━━━━━ Information provided
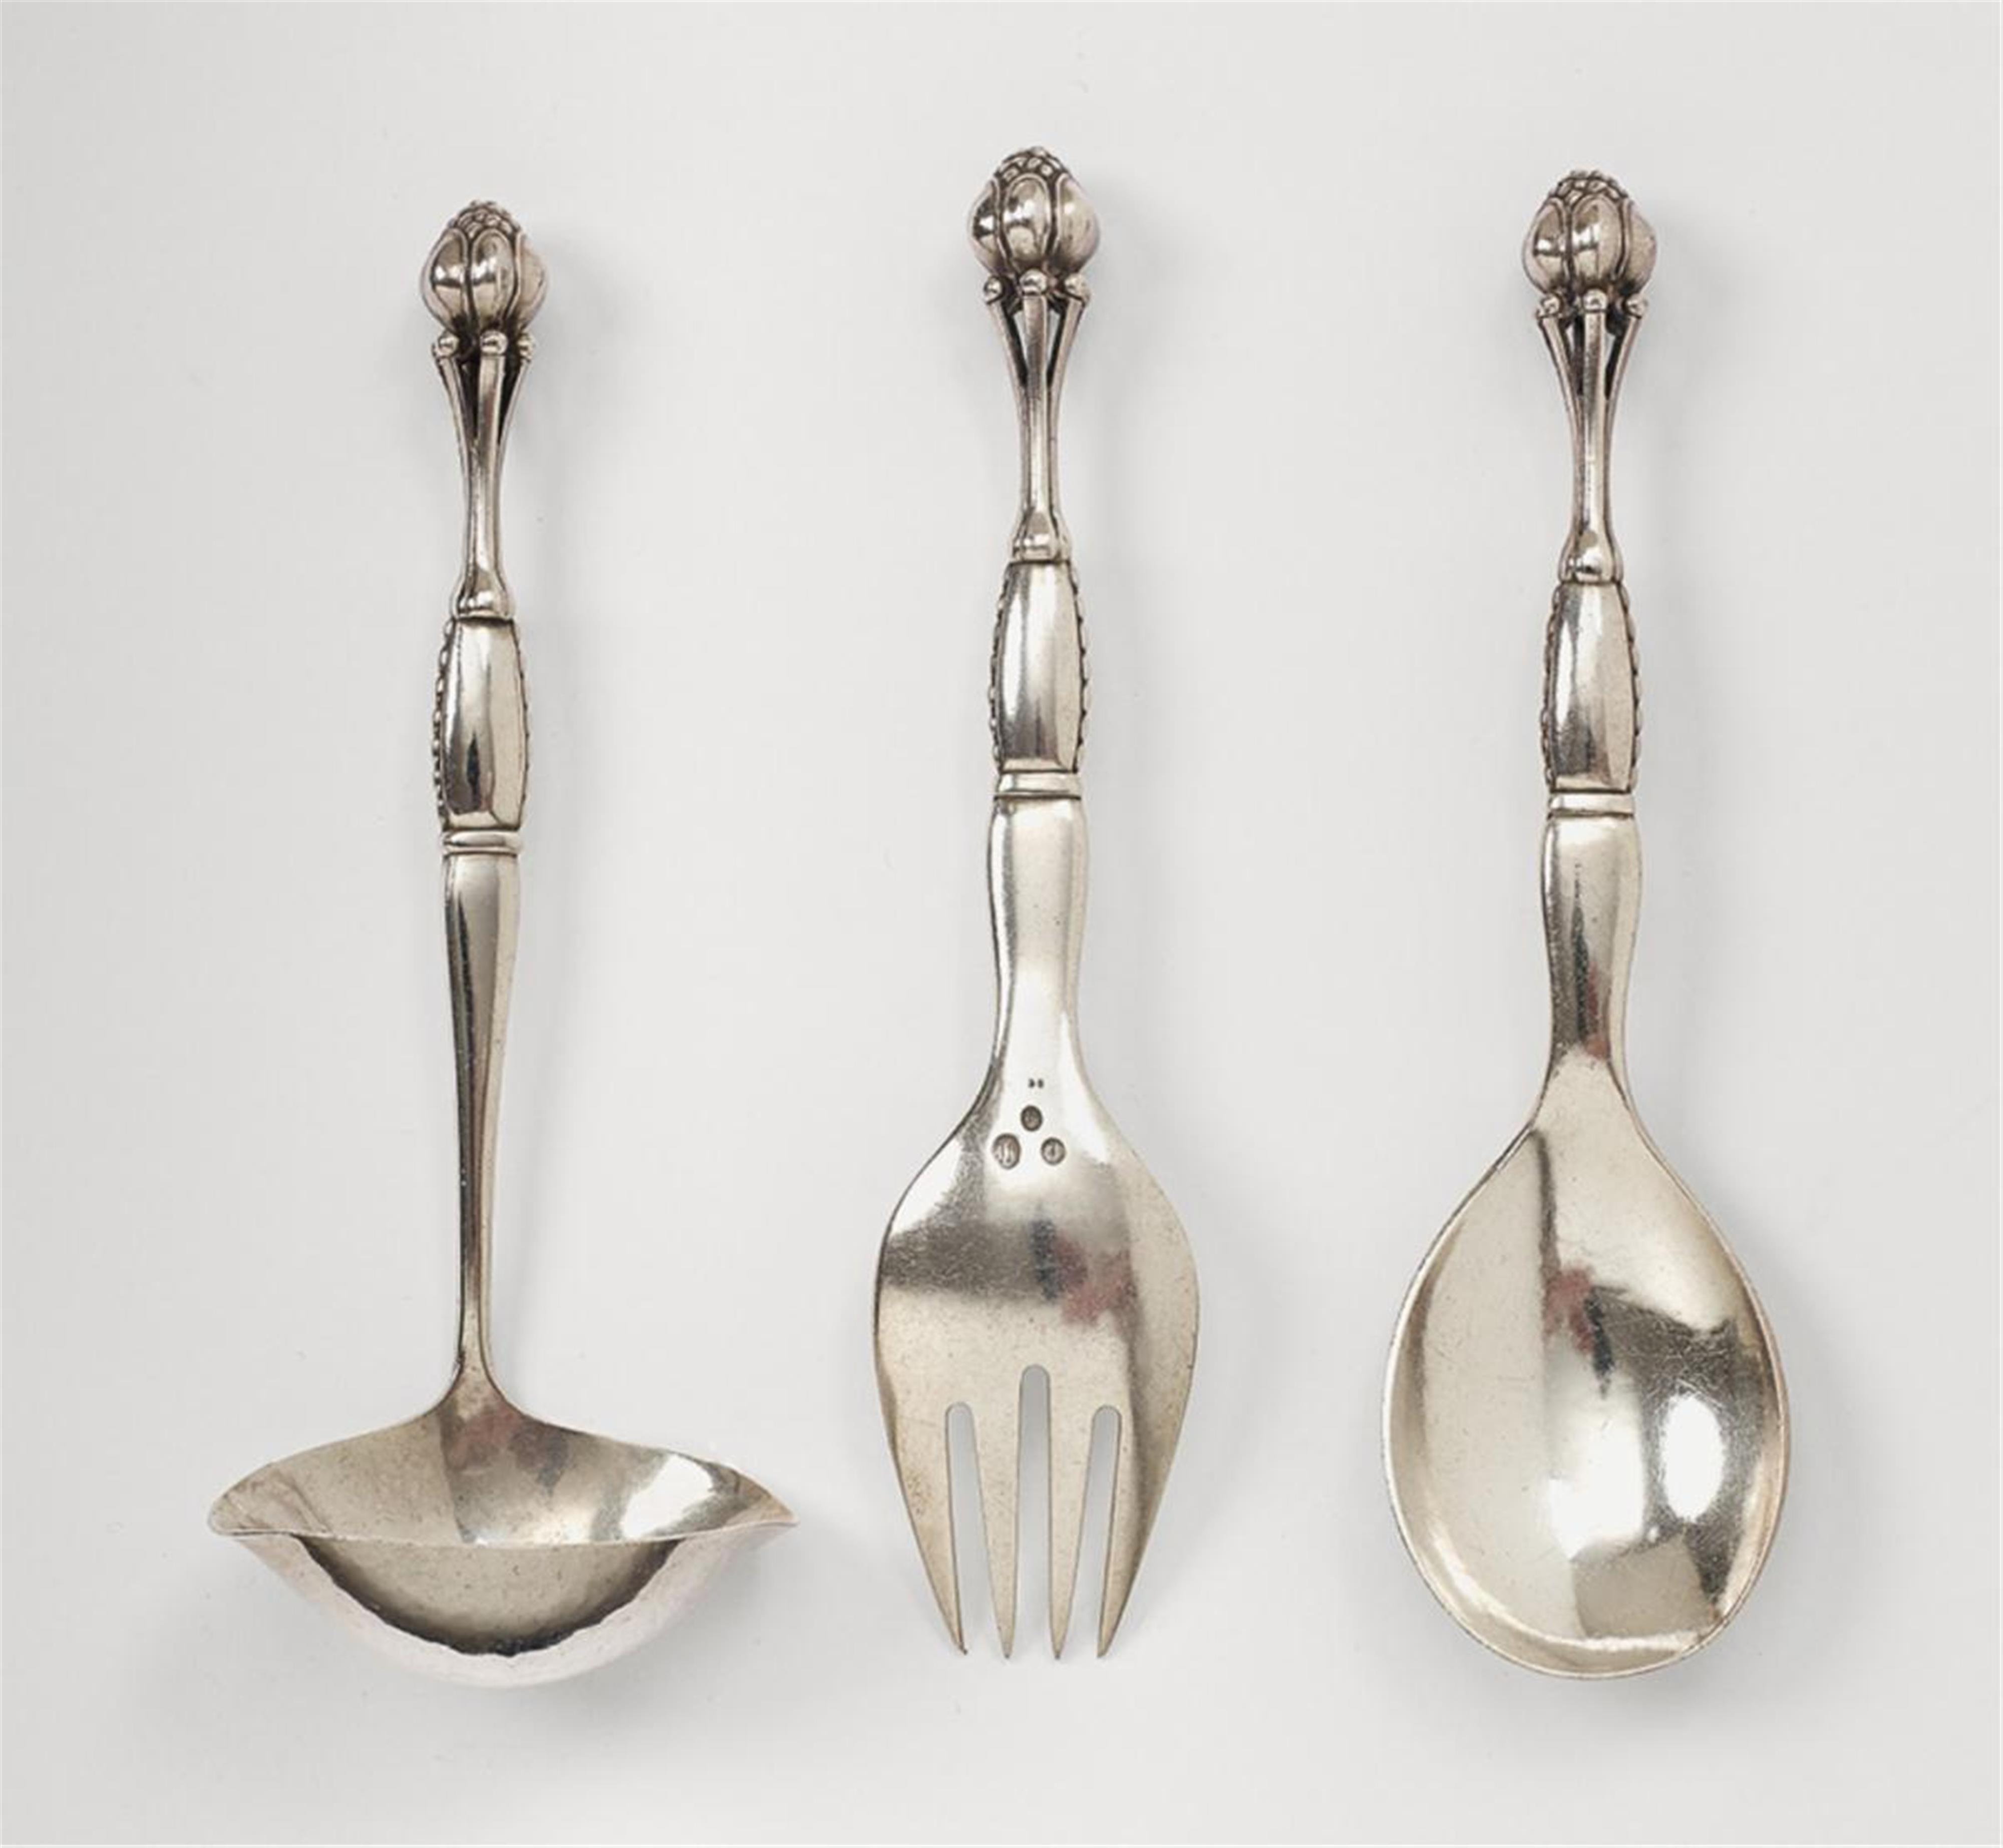 Three silver serving pieces no. 38. Comprising sauce ladle, serving spoon and fork. Marks of Georg Jensen, designed in 1912, made from 1927 - 30. - image-1
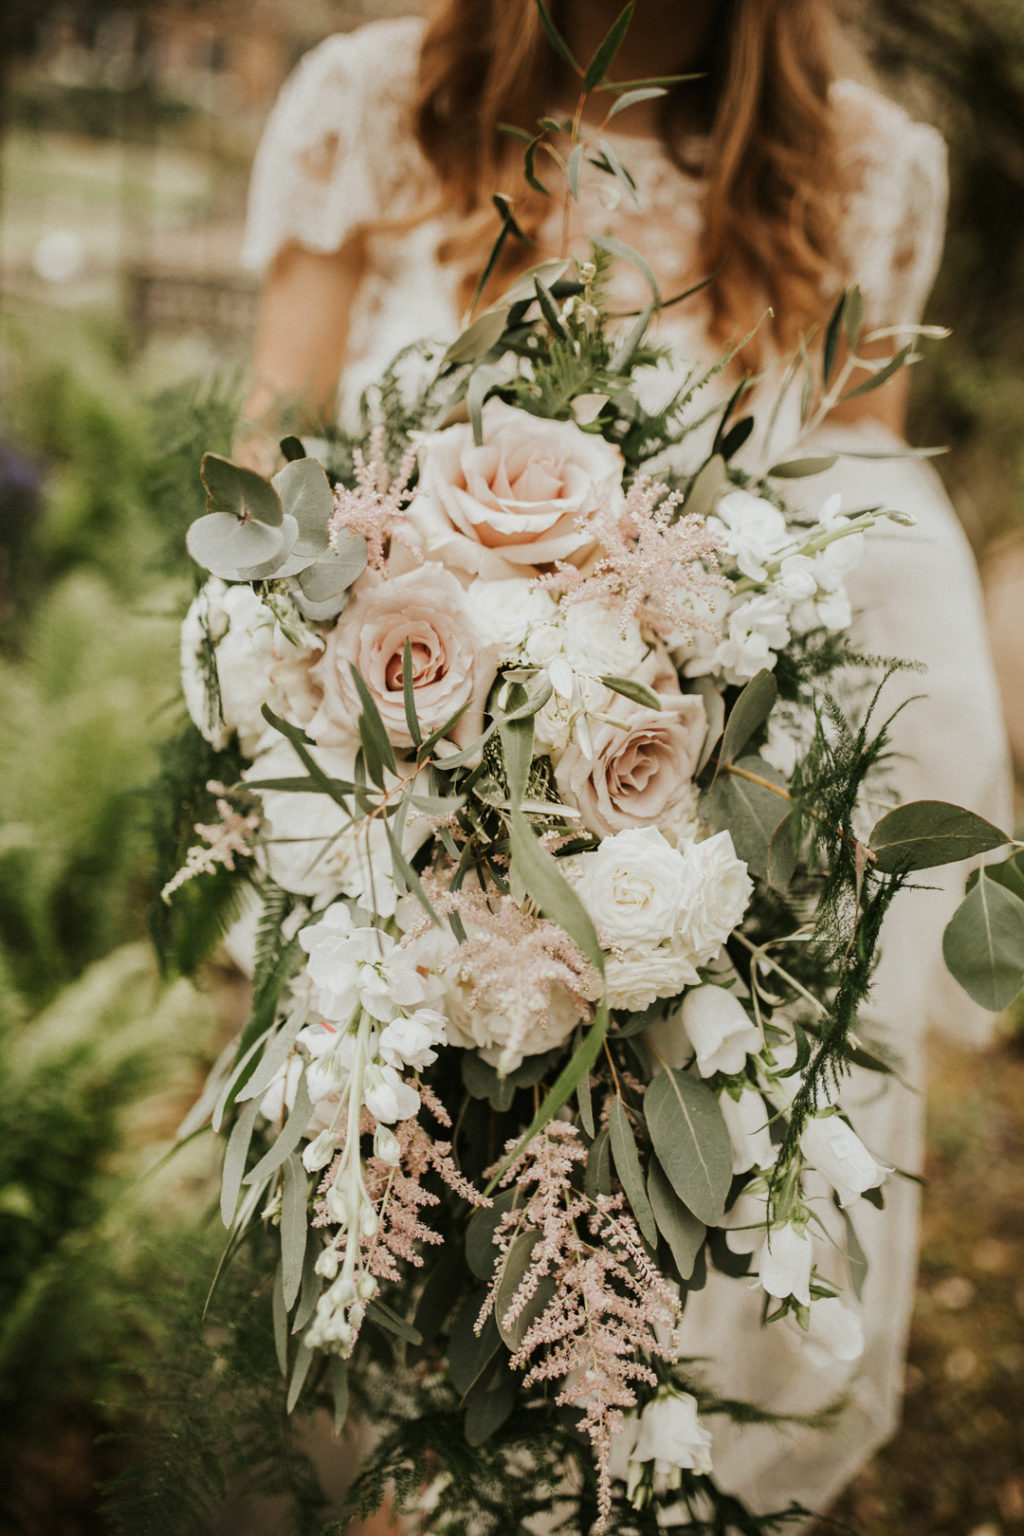 The wedding bouquet was lush and neutral, with blush and white blooms and cascading greenery
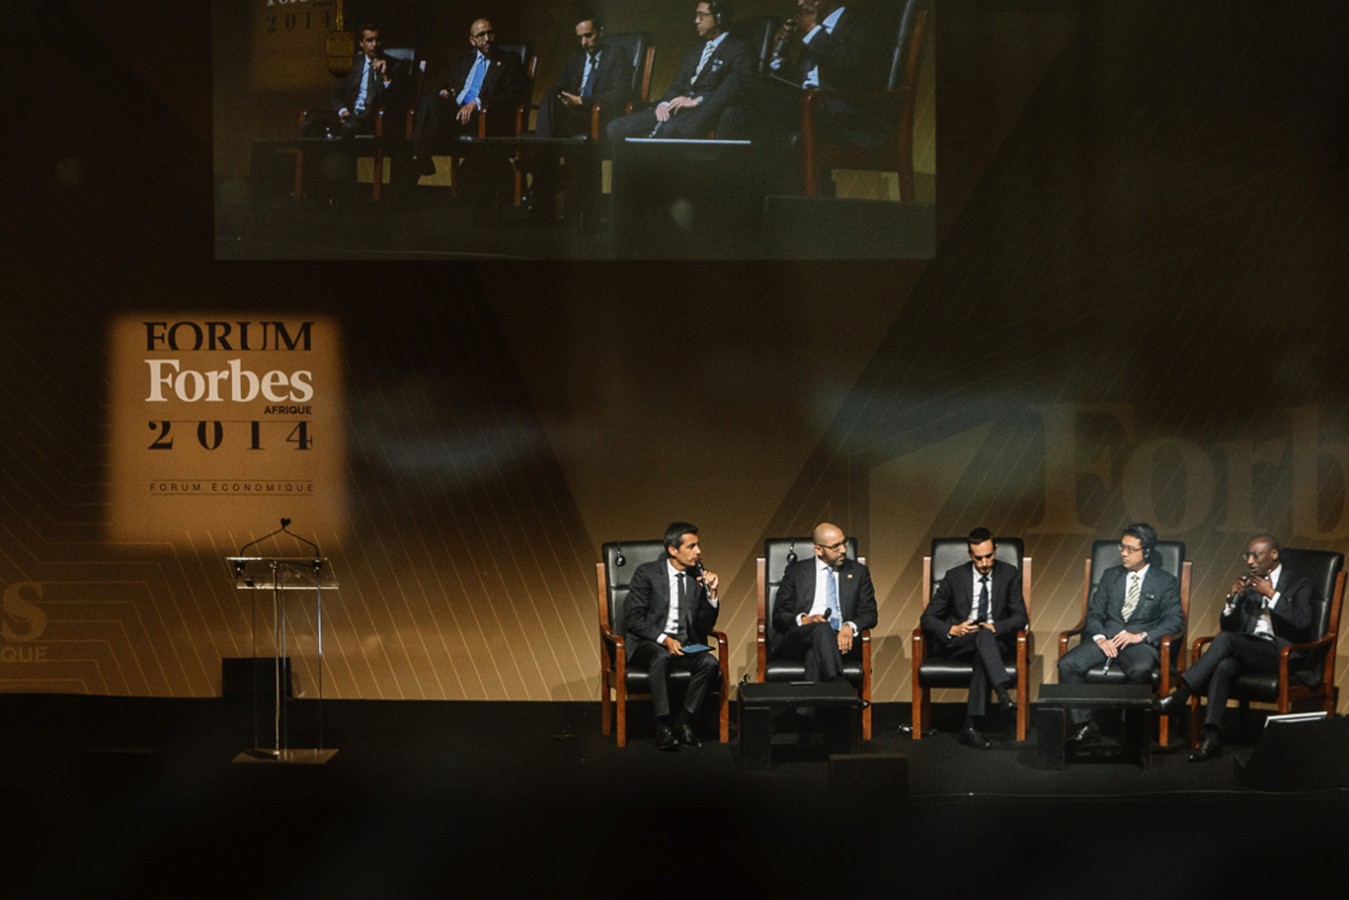 FORBES - Forum - Congo - 2014 - Agence HavasEvents
━━━━━━━━━━
▶ [Exercise objective] Your task is to retype the listing exactly, without its pictures.

▶ [Completed exercise]
 Three silver serving pieces no. 38. Comprising sauce ladle, serving spoon and fork. Marks of Georg Jensen, designed in 1912, made from 1927 - 30. - image-1
 The wedding bouquet was lush and neutral, with blush and white blooms and cascading greenery
 FORBES - Forum - Congo - 2014 - Agence HavasEvents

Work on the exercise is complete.